ADDRESSING CLASS IMBALANCE IN MULTI-CLASS IMAGE CLASSIFICATION BY MEANS OF AUXILIARY FEATURE SPACE RESTRICTIONS

M. Dorozynski and F. Rottensteiner

Keywords: deep learning, convolutional neural networks, image classification, class imbalances, auxiliary clustering loss, silk heritage

Abstract. Learning from imbalanced class distributions generally leads to a classifier that is not able to distinguish classes with few training examples from the other classes. In the context of cultural heritage, addressing this problem becomes important when existing digital online collections consisting of images depicting artifacts and assigned semantic annotations shall be completed automatically; images with known annotations can be used to train a classifier that predicts missing information, where training data is often highly imbalanced.
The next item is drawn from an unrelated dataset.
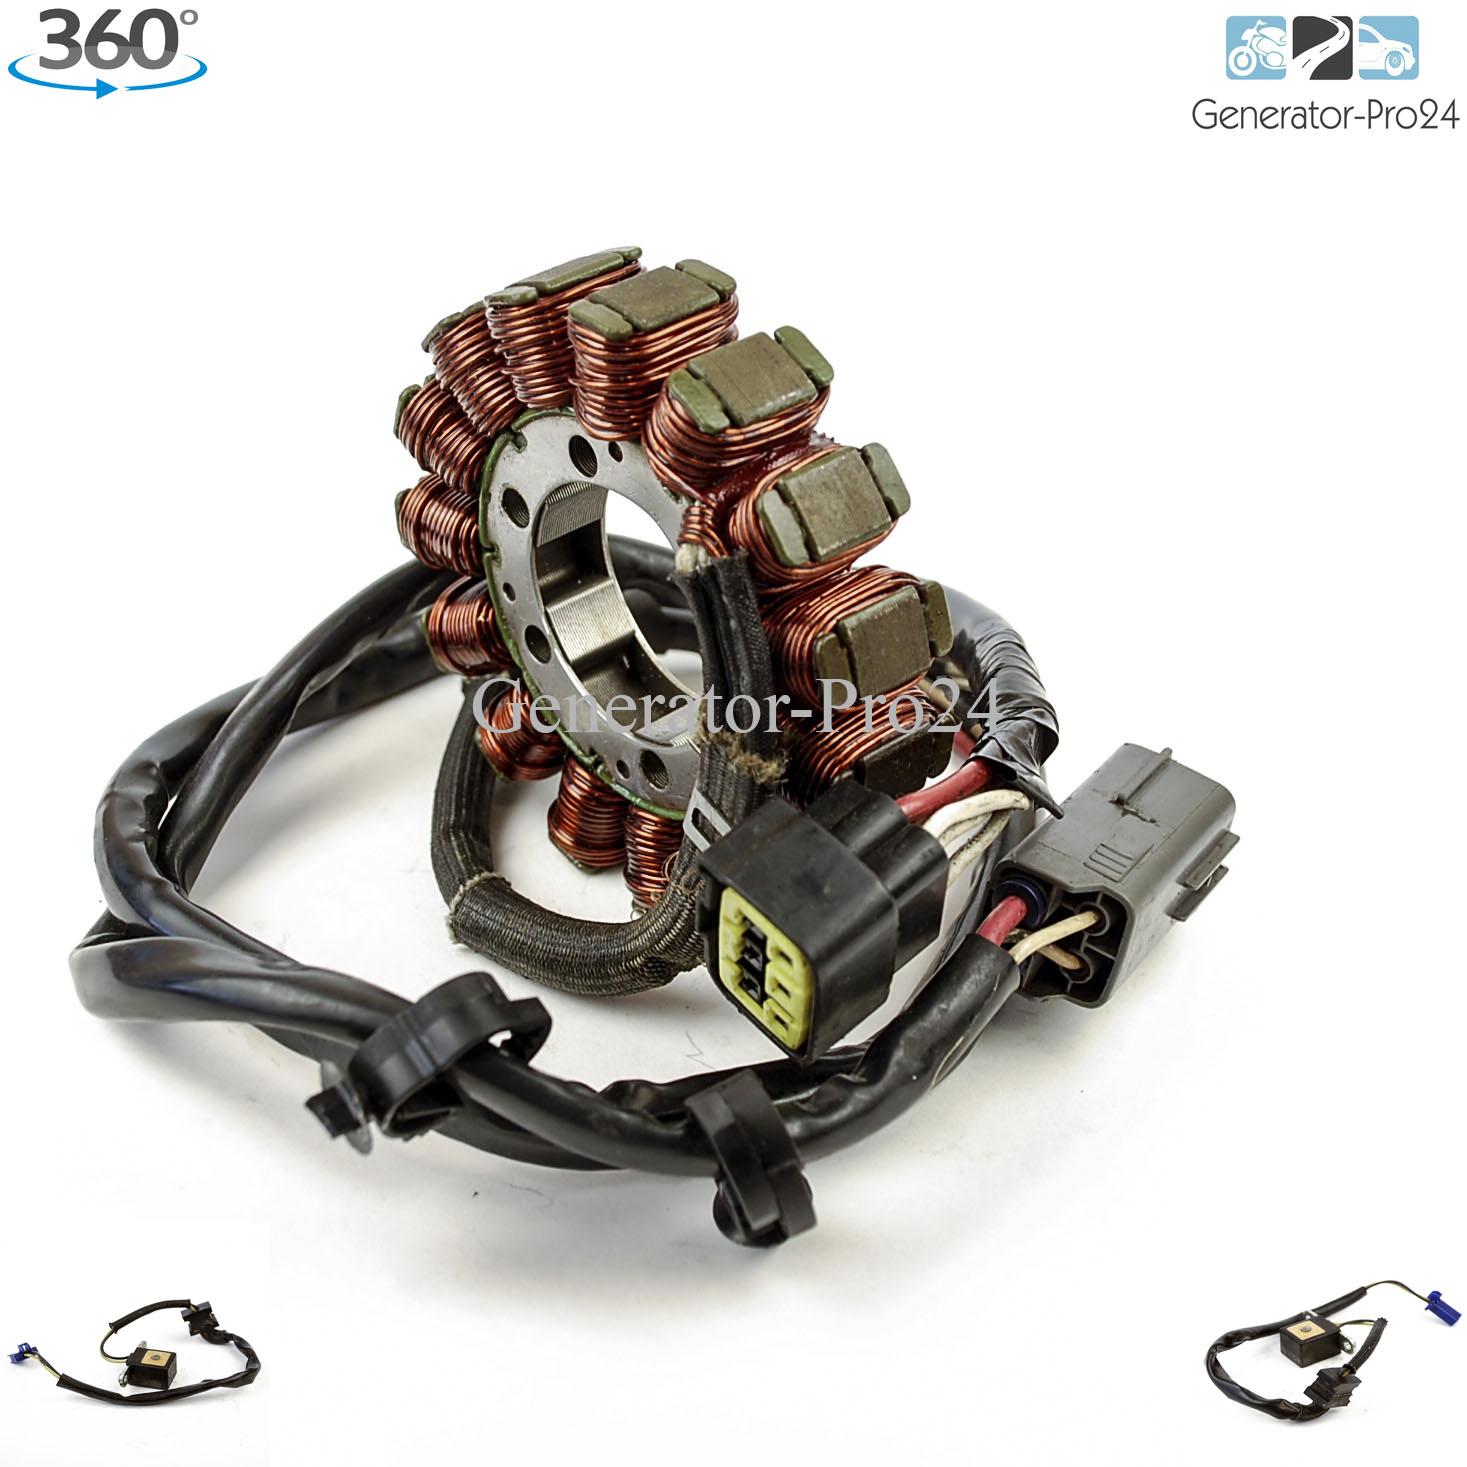 Kawasaki Stator Assembly Oem 21003 0053 Generator Pro24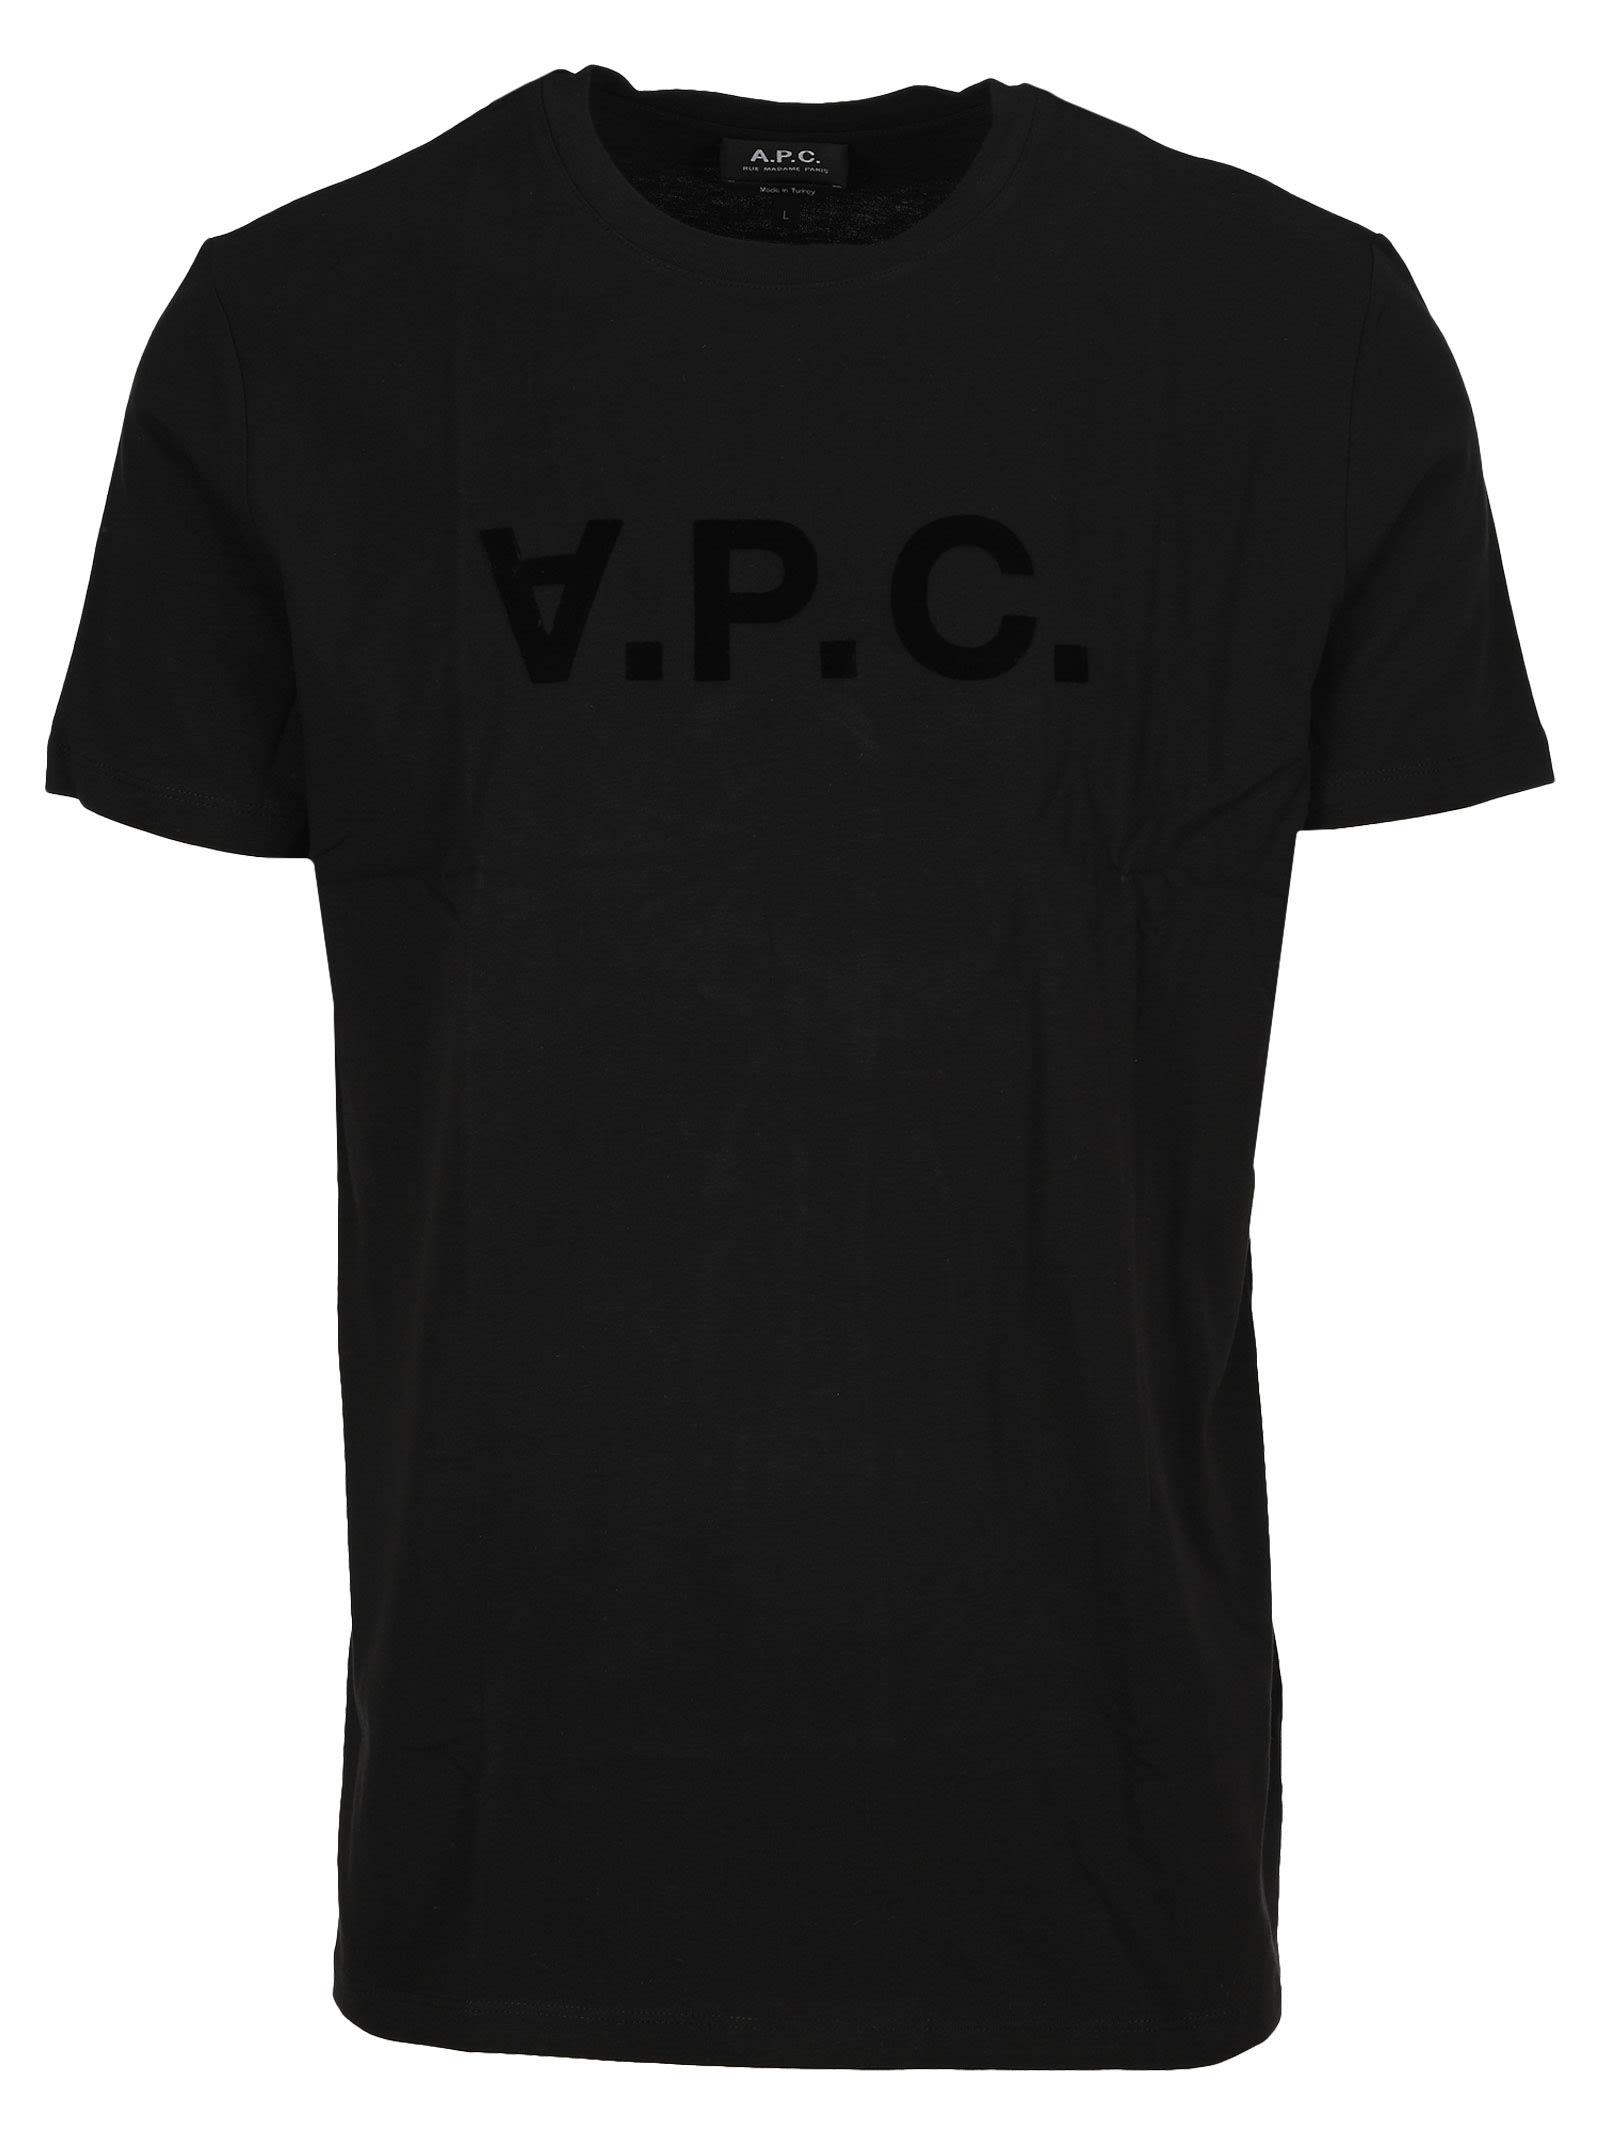 A.P.C. A.P.C. VPC T-SHIRT

In the present paper, combining a classification loss with an auxiliary clustering loss is proposed to improve the classification performance particularly for underrepresented classes, where additionally different sampling strategies are applied. The proposed auxiliary loss aims to cluster feature vectors with respect to the semantic annotations as well as to visual properties of the images to be classified and thus, is supposed to help the classifier in distinguishing individual classes. We conduct an ablation study on a dataset consisting of images depicting silk fabrics coming along with annotations for different silk-related classification tasks. Experimental results show improvements of up to 10.5% in average F1-score and up to 20.8% in the F1-score averaged over the underrepresented classes in some classification tasks.